Under Section 5(2), Indian citizenship can be granted to a person coming via the registration route. There is a similar provision under Section 6 (2) for expatriates who apply for Indian citizenship through “naturalisation.” In both cases, citizenship is granted, subject to conditions and restrictions, and only after they make the oath of allegiance.

In the case of Sonia Gandhi, as per the law at that time, she could have applied for Indian citizenship five years after marriage but she did so only after 15 years on April 7, 1983, and was granted citizenship on April 30, 1983. Despite being an Italian citizen in 1980, she illegally entered the electoral rolls that year and following a complaint, her name was deleted from the rolls. However, this is another story for another day. But one may ask, how is all this relevant?
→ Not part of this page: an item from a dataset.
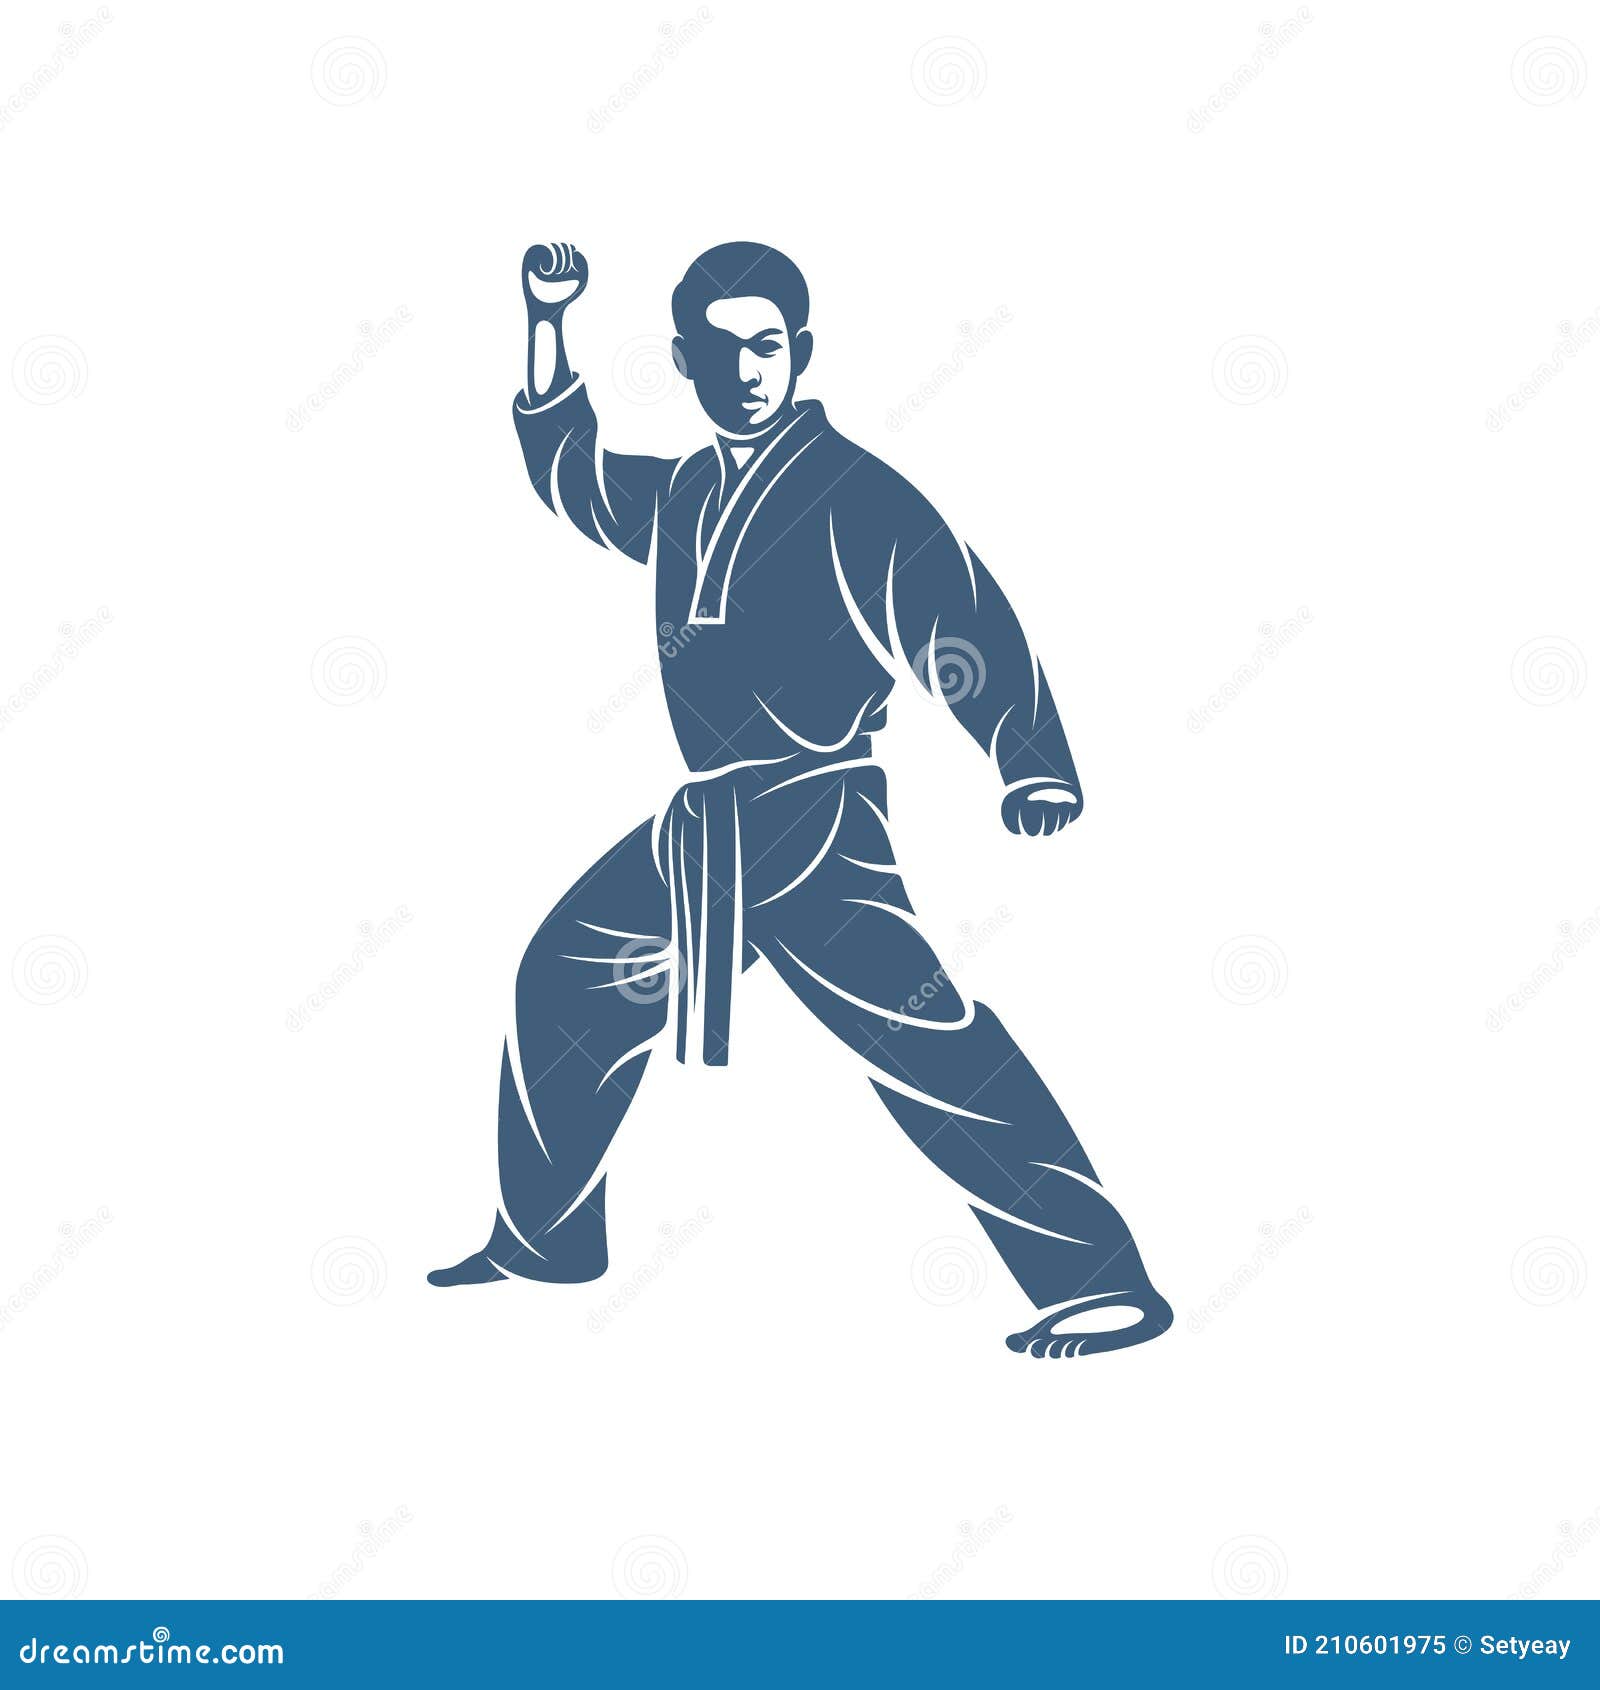 taekwondo   , creative taekwondo logo   template, icon

These facts are pertinent because unlike natural-born citizens, Sonia Gandhi’s citizenship is extremely vulnerable. Being a “naturalised” citizen, her citizenship is subject to several conditions and restrictions. Further, if she violates any of those conditions, her citizenship can be cancelled.

Section 10 of the citizenship Act lists out the situations in which a citizen by registration or naturalisation can be deprived of his/her citizenship. It says that if the registration or certificate of naturalisation was obtained by means of fraud, false representation or the concealment of any material fact; or that citizen has shown himself by act or speech to be disloyal or disaffected towards the Constitution of India as by law established; or that citizen has, during any war in which India may be engaged,  unlawfully traded or communicated with an enemy; or that citizen has been ordinarily resident out of India for a continuous period of seven years”, his/her citizenship can be cancelled.
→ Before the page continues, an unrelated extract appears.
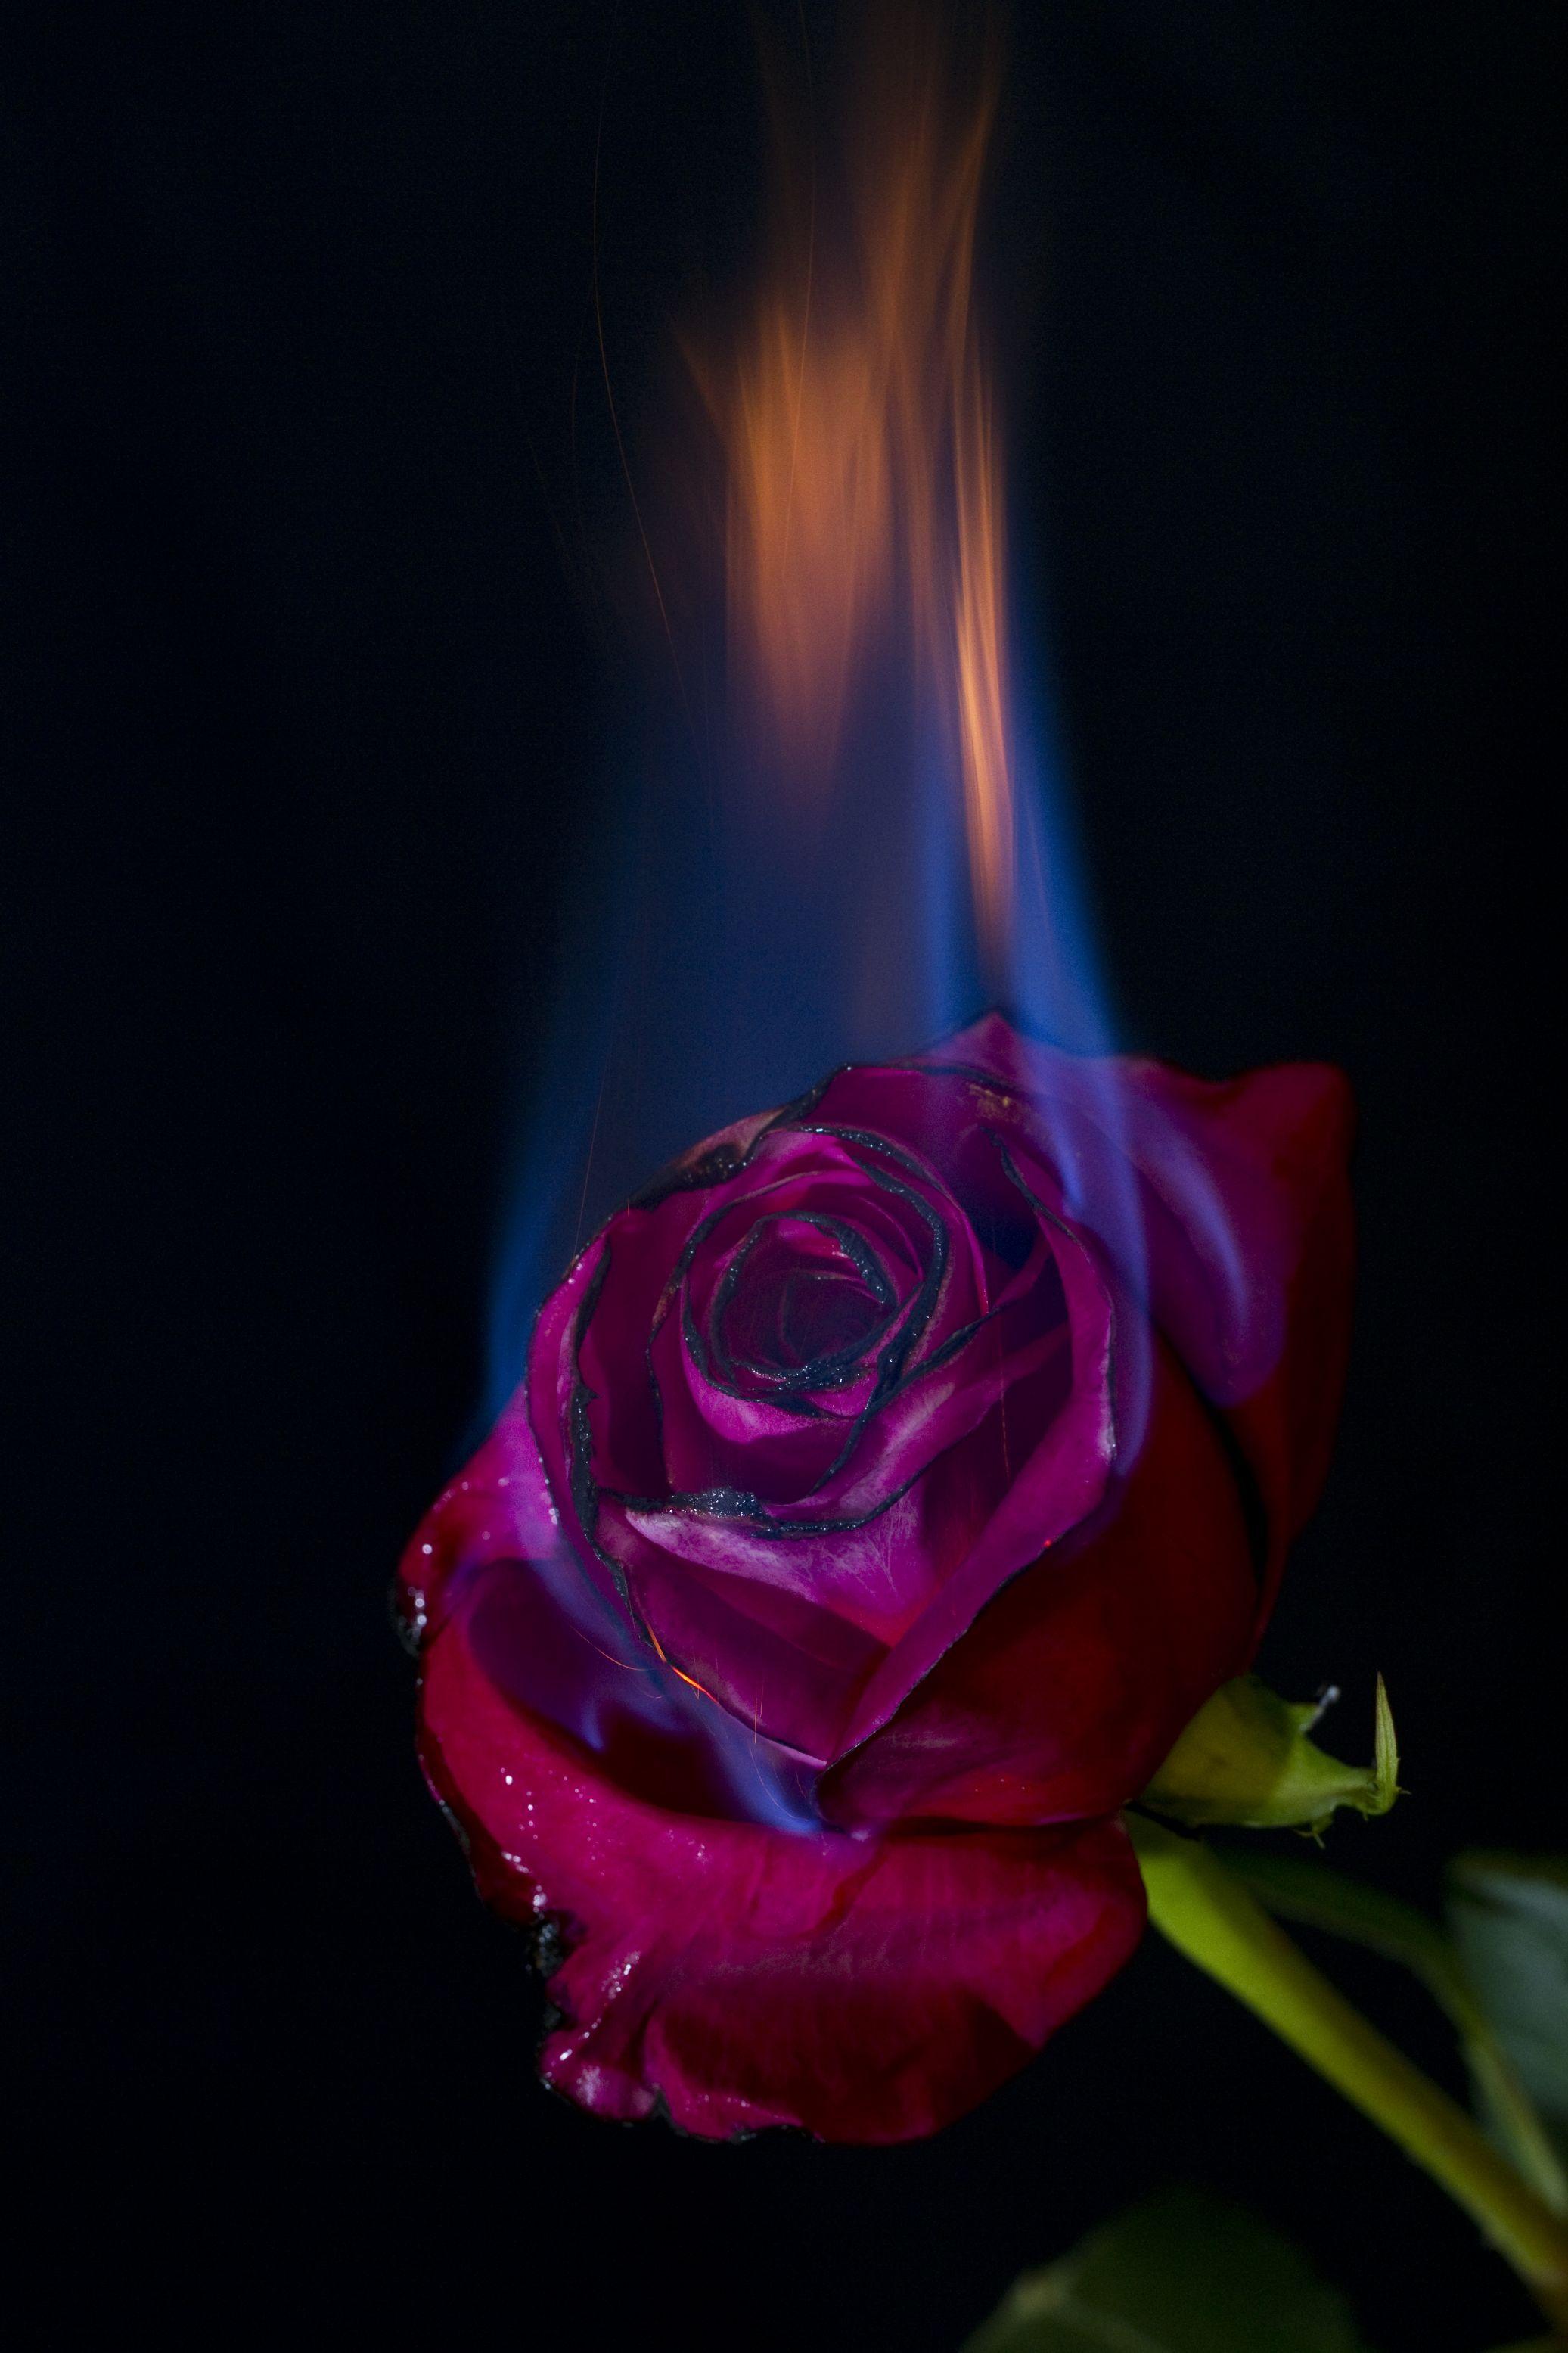 A little project I shot today. Burning rose, Rose wallpaper

Further, unlike citizens by birth, a naturalised citizen has to swear allegiance to the Constitution of India. It cannot be taken for granted. Every Muslim citizen, who is swayed by the anti-CAA argument, must ask himself/herself the following questions in order to know the quality of citizenship he/she enjoys: Did he/she ever “apply” for citizenship like Sonia Gandhi? Was he/she ever asked to swear allegiance to the Constitution of India, like her? So, this is the power and quality of the citizenship of 99 per cent of the citizens under the Citizenship Act, 1955, but the Congress, after its decimation in the 2019 Lok Sabha poll, wants the Muslims of India to believe that their citizenship is as fragile as that of its party president.

This is nothing but an attempt to spread falsehood and disaffection. It could even be seen as an attempt to overthrow a duly elected Government through guile and subterfuge. Proud natural-born citizens of India — Hindus, Muslims, Christians, Sikhs, Jains, Buddhists, Parsis and Jews — must disengage themselves from this campaign which is dangerous for our democracy and for our constitutional well-being.